### SOURCE MATERIAL:
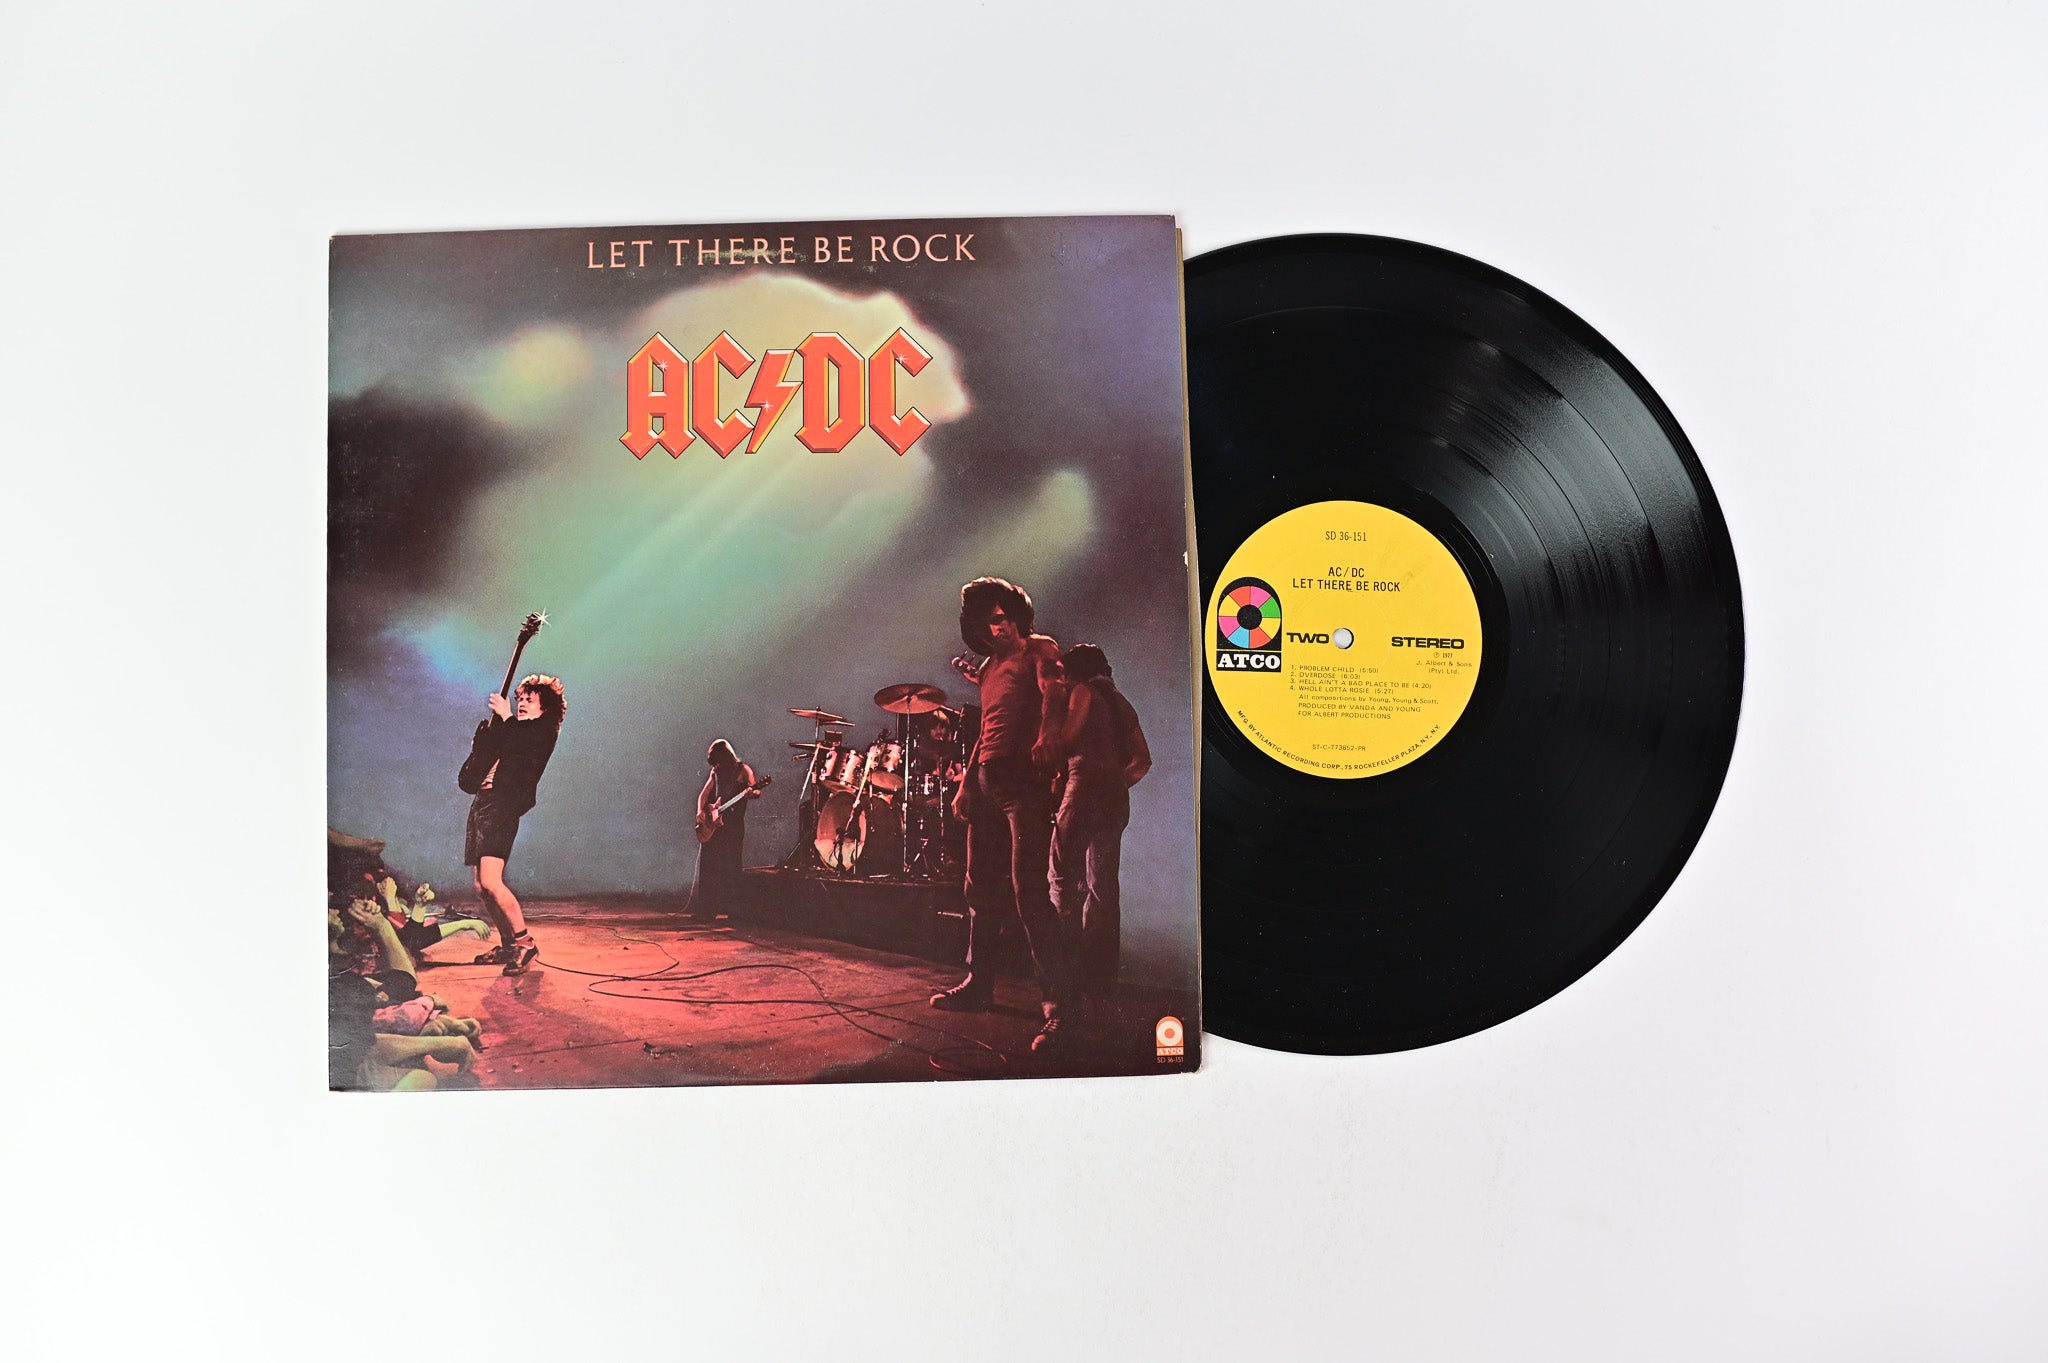 AC/DC - Let There Be Rock on Atco
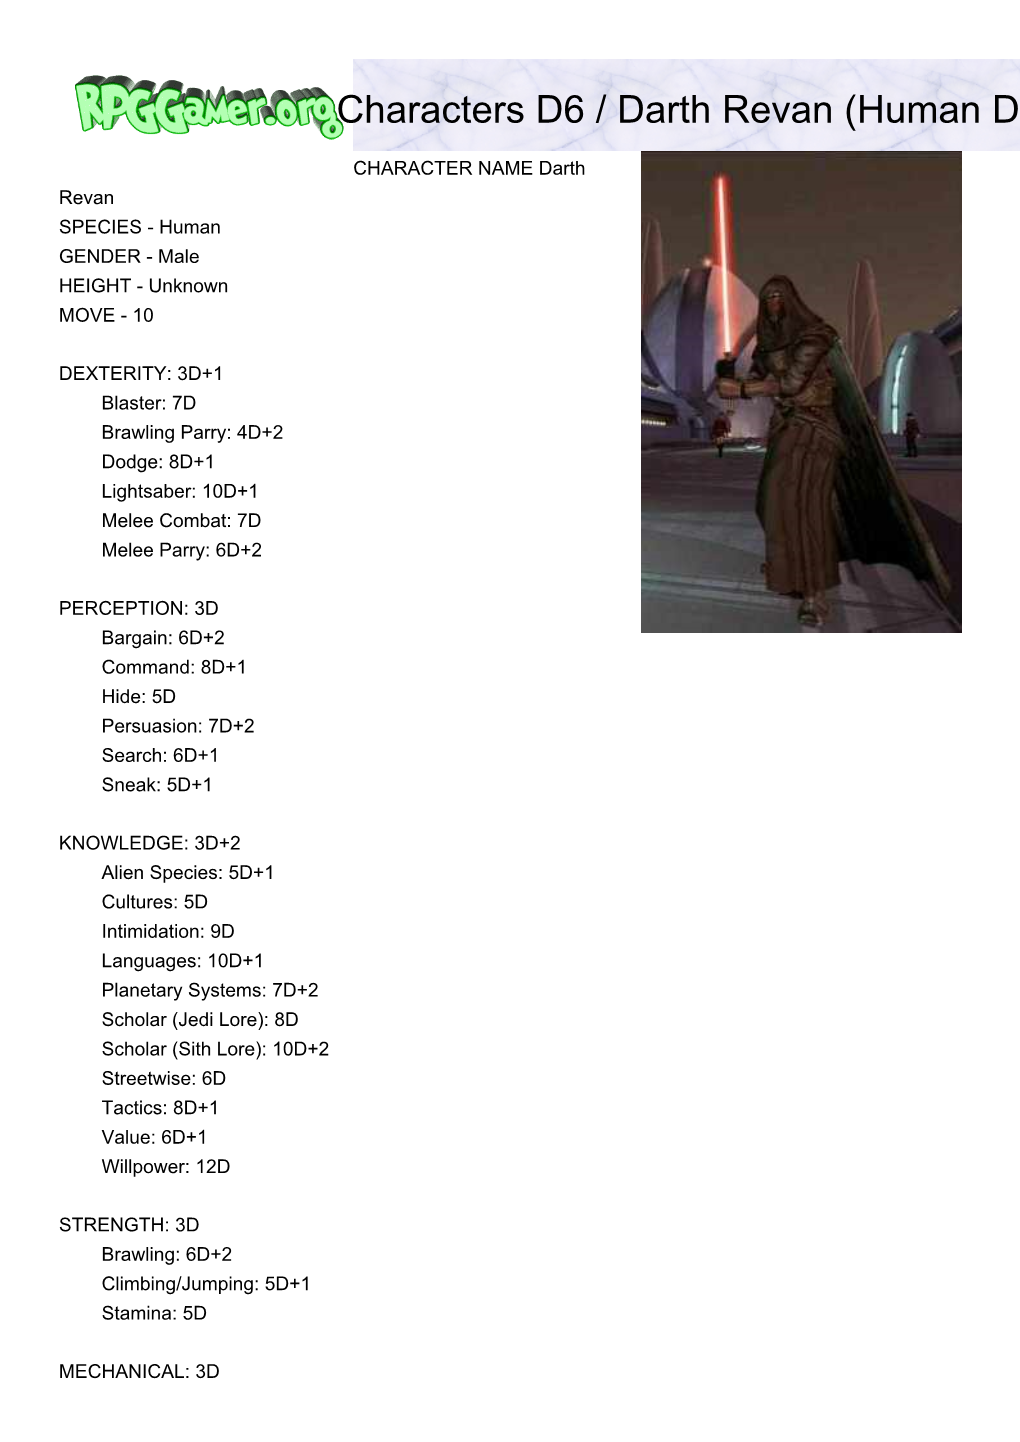 Characters D6 / Darth Revan (Human Dark Lord of the Sith)
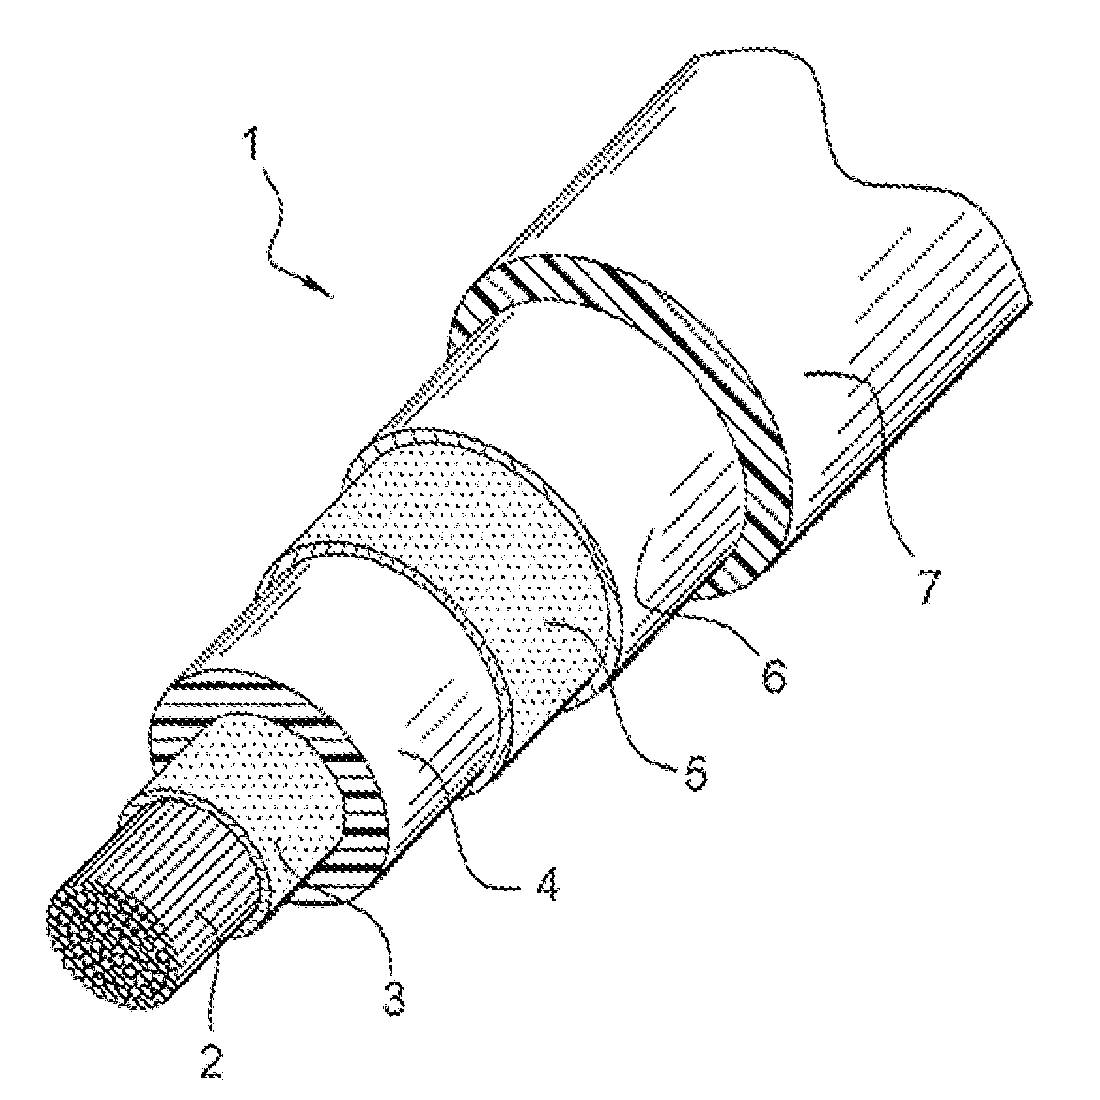 Electrical device comprising a crosslinked layer

### AIM OF THE EXERCISE:
Reproduce the lines above exactly, please, but not the pictures in them.

### SOLUTION FOR THIS EXERCISE:
 AC/DC - Let There Be Rock on Atco
 Characters D6 / Darth Revan (Human Dark Lord of the Sith)
 Electrical device comprising a crosslinked layer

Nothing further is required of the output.